_About this task_. Below are some records. Return exactly the lines from the one with "A CH-146 Griffon" to the one with "Friend of Audrey Maxwell Quilted Bomber", and nothing else.

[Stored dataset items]
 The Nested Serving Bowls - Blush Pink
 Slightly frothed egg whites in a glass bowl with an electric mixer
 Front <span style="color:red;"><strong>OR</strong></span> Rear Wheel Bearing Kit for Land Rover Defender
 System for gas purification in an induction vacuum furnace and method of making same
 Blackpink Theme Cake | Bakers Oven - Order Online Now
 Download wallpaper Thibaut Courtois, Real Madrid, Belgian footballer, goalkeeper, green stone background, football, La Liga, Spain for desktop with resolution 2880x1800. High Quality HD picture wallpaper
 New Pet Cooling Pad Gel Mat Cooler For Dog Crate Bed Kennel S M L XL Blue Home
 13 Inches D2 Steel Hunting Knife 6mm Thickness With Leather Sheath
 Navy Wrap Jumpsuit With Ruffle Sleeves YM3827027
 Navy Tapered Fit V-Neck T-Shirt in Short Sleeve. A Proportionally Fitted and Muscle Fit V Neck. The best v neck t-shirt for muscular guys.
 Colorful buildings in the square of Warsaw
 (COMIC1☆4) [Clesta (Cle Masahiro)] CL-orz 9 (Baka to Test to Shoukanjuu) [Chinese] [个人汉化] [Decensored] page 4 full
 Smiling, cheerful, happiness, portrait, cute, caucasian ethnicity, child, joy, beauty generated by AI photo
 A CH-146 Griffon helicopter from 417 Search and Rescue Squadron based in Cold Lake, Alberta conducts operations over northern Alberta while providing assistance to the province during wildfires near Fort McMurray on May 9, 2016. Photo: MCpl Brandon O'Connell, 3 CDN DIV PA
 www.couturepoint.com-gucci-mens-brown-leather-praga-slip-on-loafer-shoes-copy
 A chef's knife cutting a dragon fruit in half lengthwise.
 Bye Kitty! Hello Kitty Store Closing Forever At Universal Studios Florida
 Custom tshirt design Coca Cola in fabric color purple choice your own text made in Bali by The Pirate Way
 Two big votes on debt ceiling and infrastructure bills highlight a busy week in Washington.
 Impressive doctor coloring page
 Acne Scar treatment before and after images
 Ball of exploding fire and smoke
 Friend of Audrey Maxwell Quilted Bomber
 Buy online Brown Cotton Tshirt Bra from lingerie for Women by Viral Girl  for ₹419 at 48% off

_Solution_.
 A CH-146 Griffon helicopter from 417 Search and Rescue Squadron based in Cold Lake, Alberta conducts operations over northern Alberta while providing assistance to the province during wildfires near Fort McMurray on May 9, 2016. Photo: MCpl Brandon O'Connell, 3 CDN DIV PA
 www.couturepoint.com-gucci-mens-brown-leather-praga-slip-on-loafer-shoes-copy
 A chef's knife cutting a dragon fruit in half lengthwise.
 Bye Kitty! Hello Kitty Store Closing Forever At Universal Studios Florida
 Custom tshirt design Coca Cola in fabric color purple choice your own text made in Bali by The Pirate Way
 Two big votes on debt ceiling and infrastructure bills highlight a busy week in Washington.
 Impressive doctor coloring page
 Acne Scar treatment before and after images
 Ball of exploding fire and smoke
 Friend of Audrey Maxwell Quilted Bomber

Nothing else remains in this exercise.